I disagreed with the burn-in lie, but my experience is only with studio monitors. Every pair I had sounded better over a 2 week period. It is highly likely that it was actually my ears getting used to them.

Good day.
 

·
Registered
Joined
·
110 Posts
I've read this thread with some amusement, it's brought back some memories of some of the things I was told when younger and very much "into hi-fi".

The one thing I will take exception to though is the trashing of the bi-wiring methodogy; it is definitely audible in some case and very easily measured. As well as the more-dubious interference and back-emf theories regarding bi-wiring, there seems to be missed the very basic fact that bass-drivers pull curent and drop voltage over long lengths of cable. Ok, I acknowledge that the significance of this is very small in cables shorter than 12-foot and diameters larger than 2.5sqmm, and if you're pulling less than 50-100W -but it is definitely not a myth. When Bi-wiring, any voltage-drops caused by the bass driver current over the speaker-cable will not be applied to the treble driver. End-of. Same reason that sensing wires are used in low-impedance measurement.

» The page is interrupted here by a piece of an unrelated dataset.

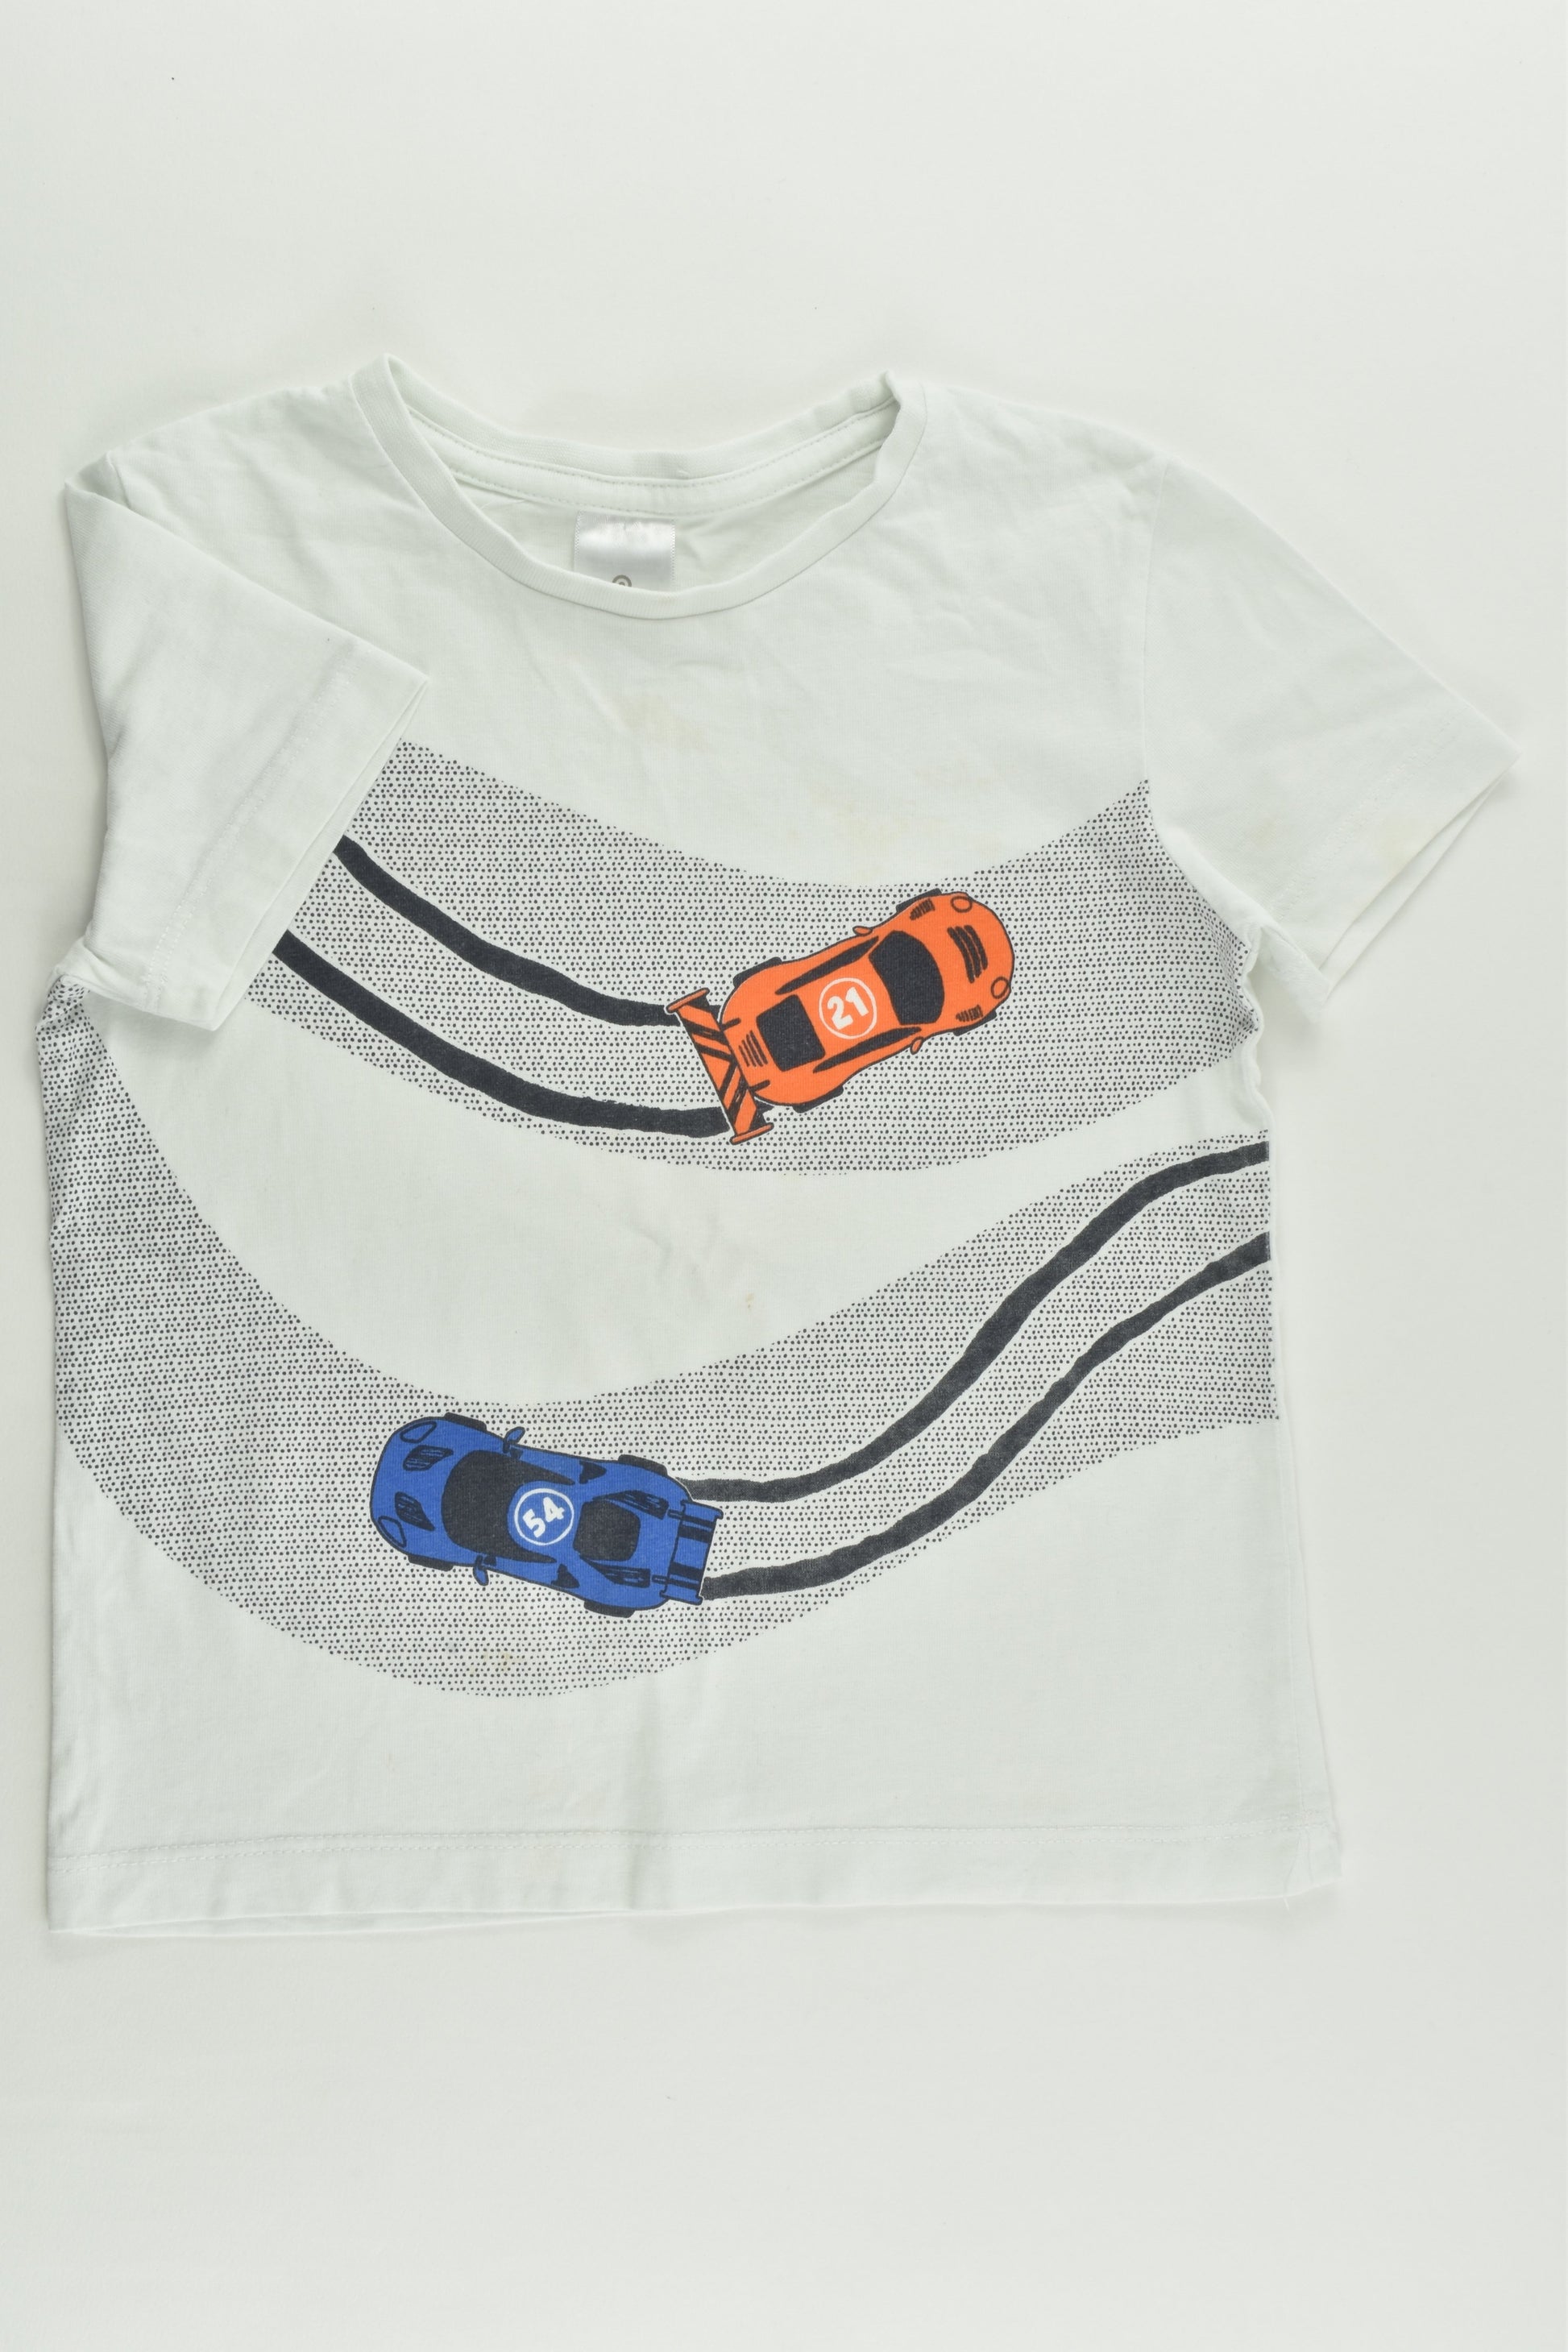 Target Size 3 Racing Cars T-shirt
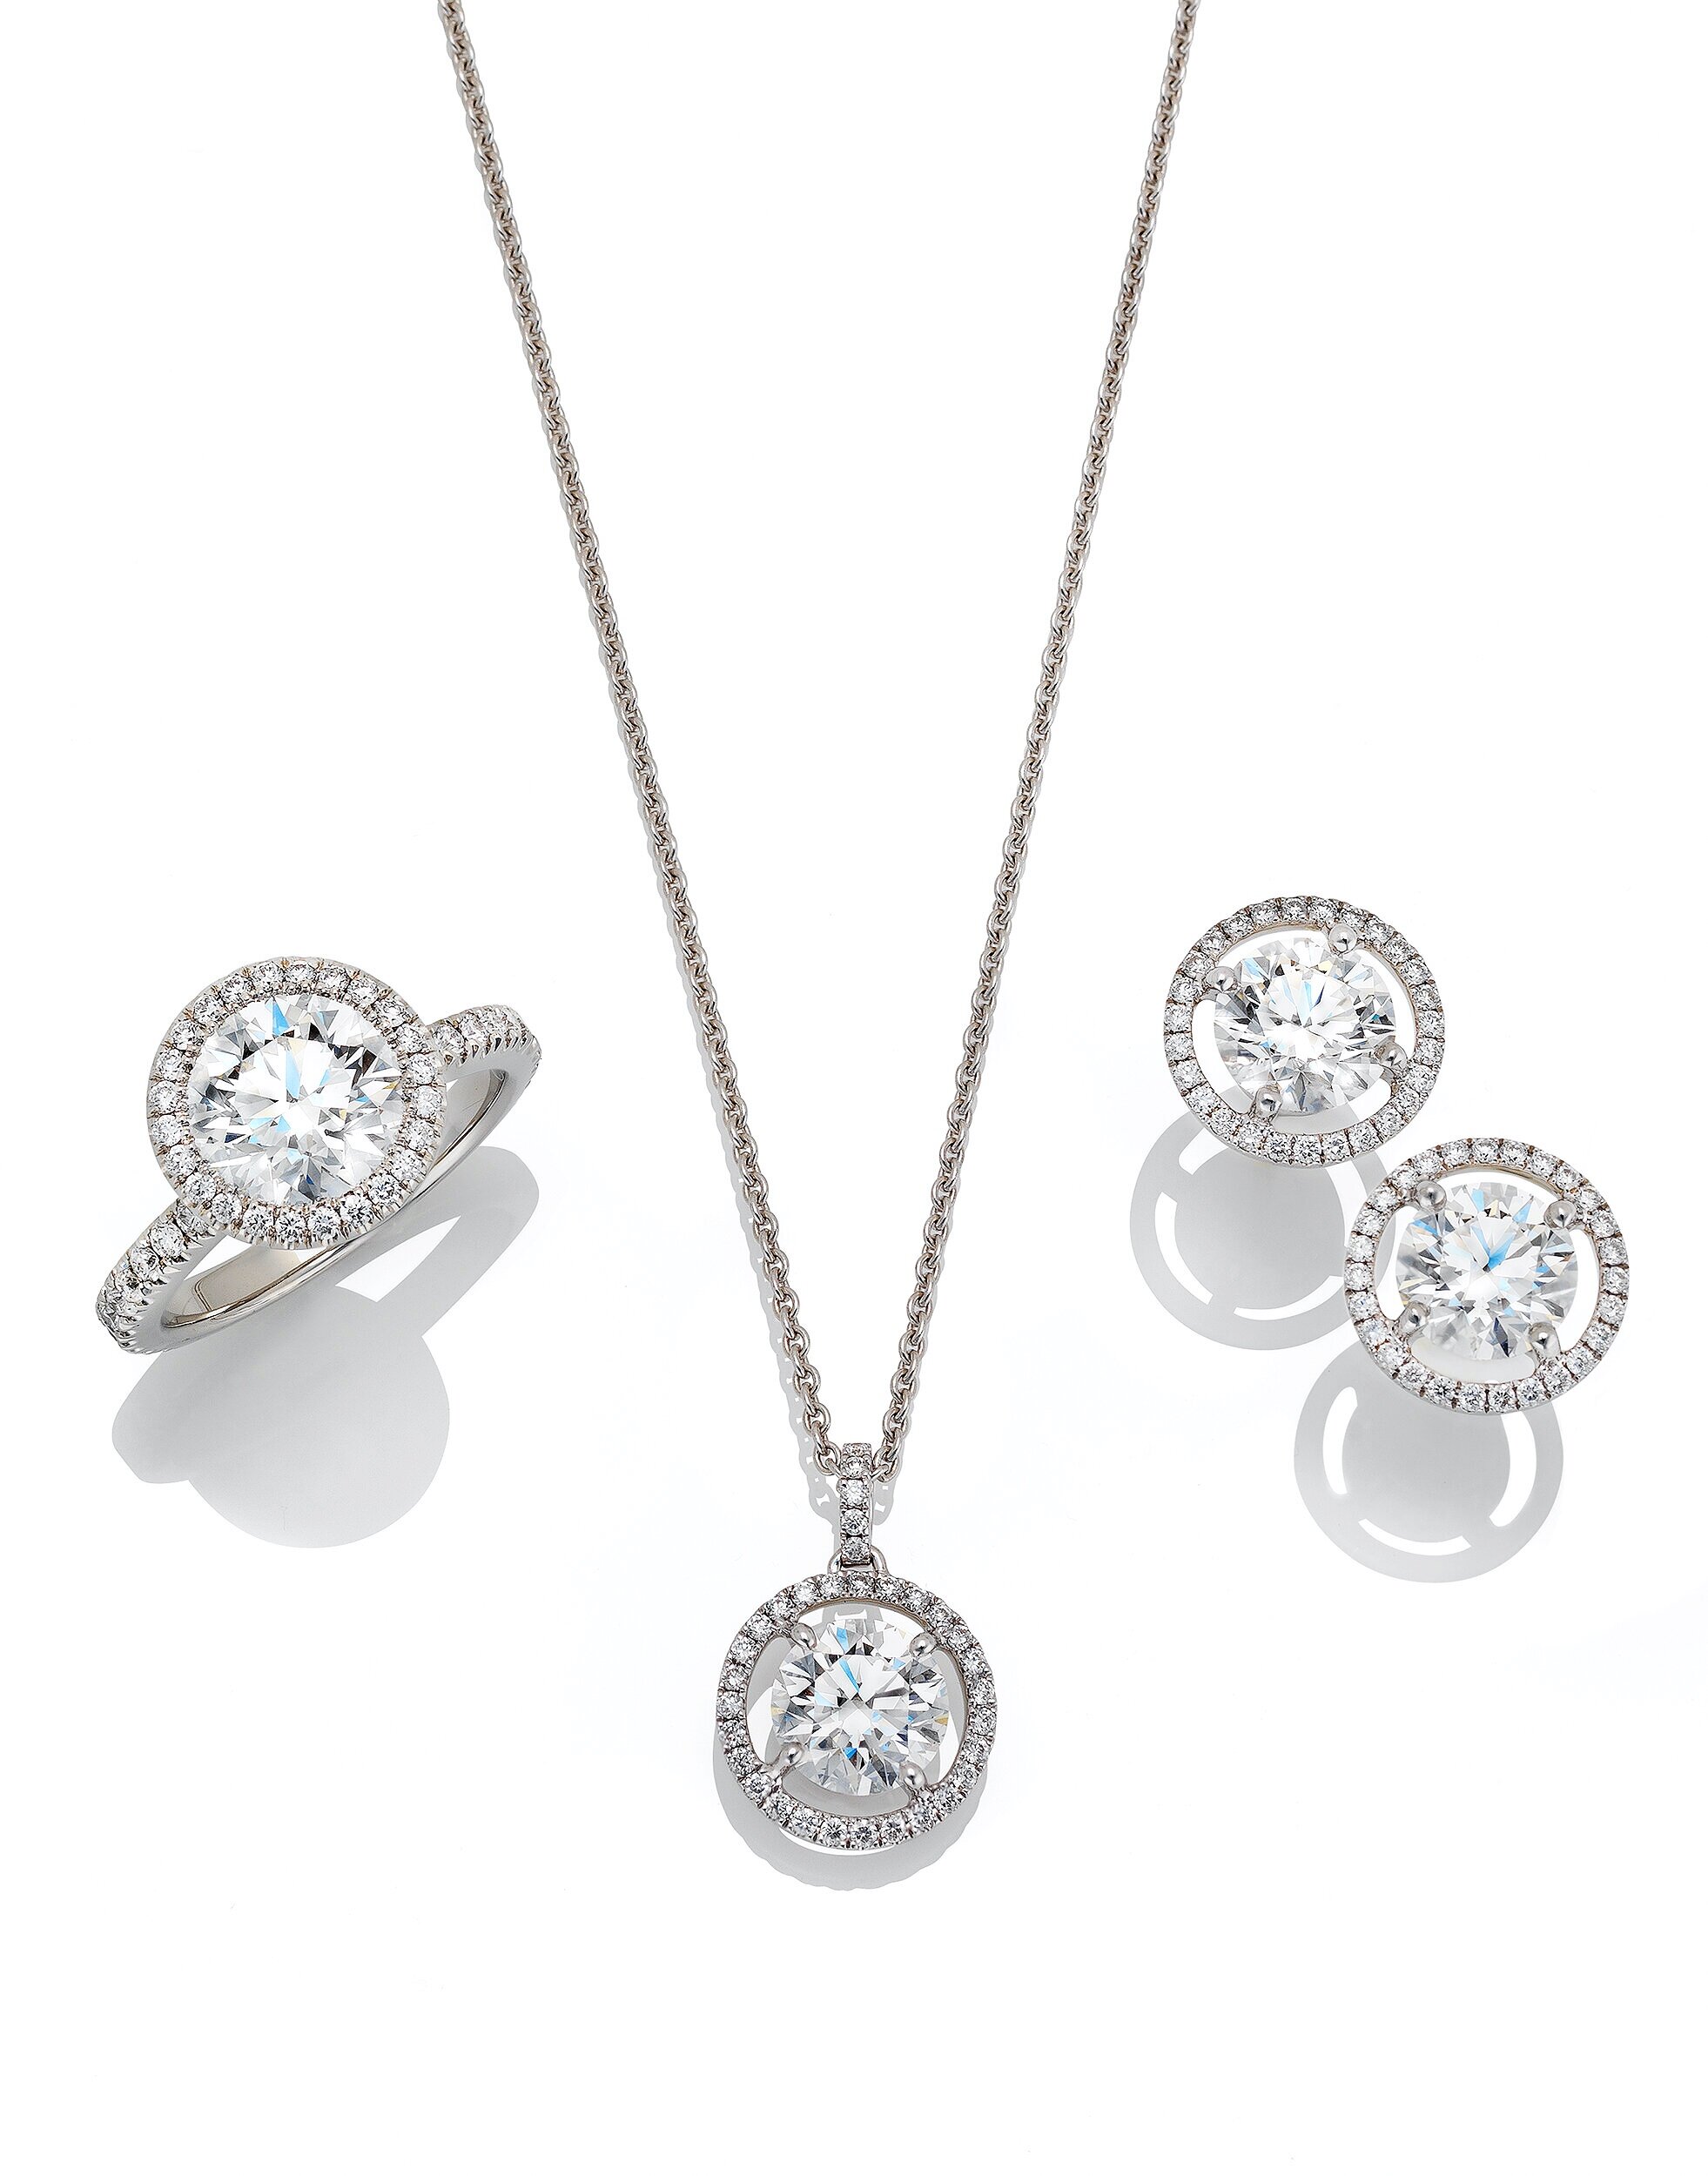  Diamond jewellery shot for De Beers Diamond Jewellers

Ok, I bi, tri and quad-amp my cabiniets, and I know that active x-overs are the better way, but I still have to think carefully about voltage-drops over distance -I know I lose whole integer percentages on the cable to my bass drivers, and some installs are ridiculous with 50m+ runs of 2.5sqmm. But this is live reinforcement...
 

·
Registered
Joined
·
4,127 Posts
I disagree with the tube vs solid state. Of course my logic is based on my opinion that the tube amp has a much stronger sound to it.
 

·
Registered
Joined
·
3 Posts
I'm adding this to the cable lies but only cause I got the cable for free and didn't buy it. I have a 10-15' cable that I was given that has RCA plugs on both ends that I use for my subwoofer. The cable has arrows printed on it with labeling showing which way the signal path should go from the receiver to the sub. Come on like it matters. Who dreamed up this idea.

Again only adding for a laugh, i didn't buy the cable it was given to me. I know someone is going to ask whether I hook it up with the signal path going in the direction of the arrows and the answer is no. I do it the opposite way just to spite the cable.

One other thought I just had. I have heard this before and am looking for some input. I've heard that surge protectors "die" after a few years and need replacing because the insides stop working to protect from surges over time. Any truth to this?
 

·
Plain ole user
Joined
·
11,121 Posts
Surge suppressors that use MOVs (most) can become less effective with repeated surges, and operate at higher voltages. This is rarely an issue however. Nearly all failures of MOVs occur as dead shorts which will open fuses or other protection devices or open a breaker. The bottom line is that it is unlikely to have a failure of protection that is not seen.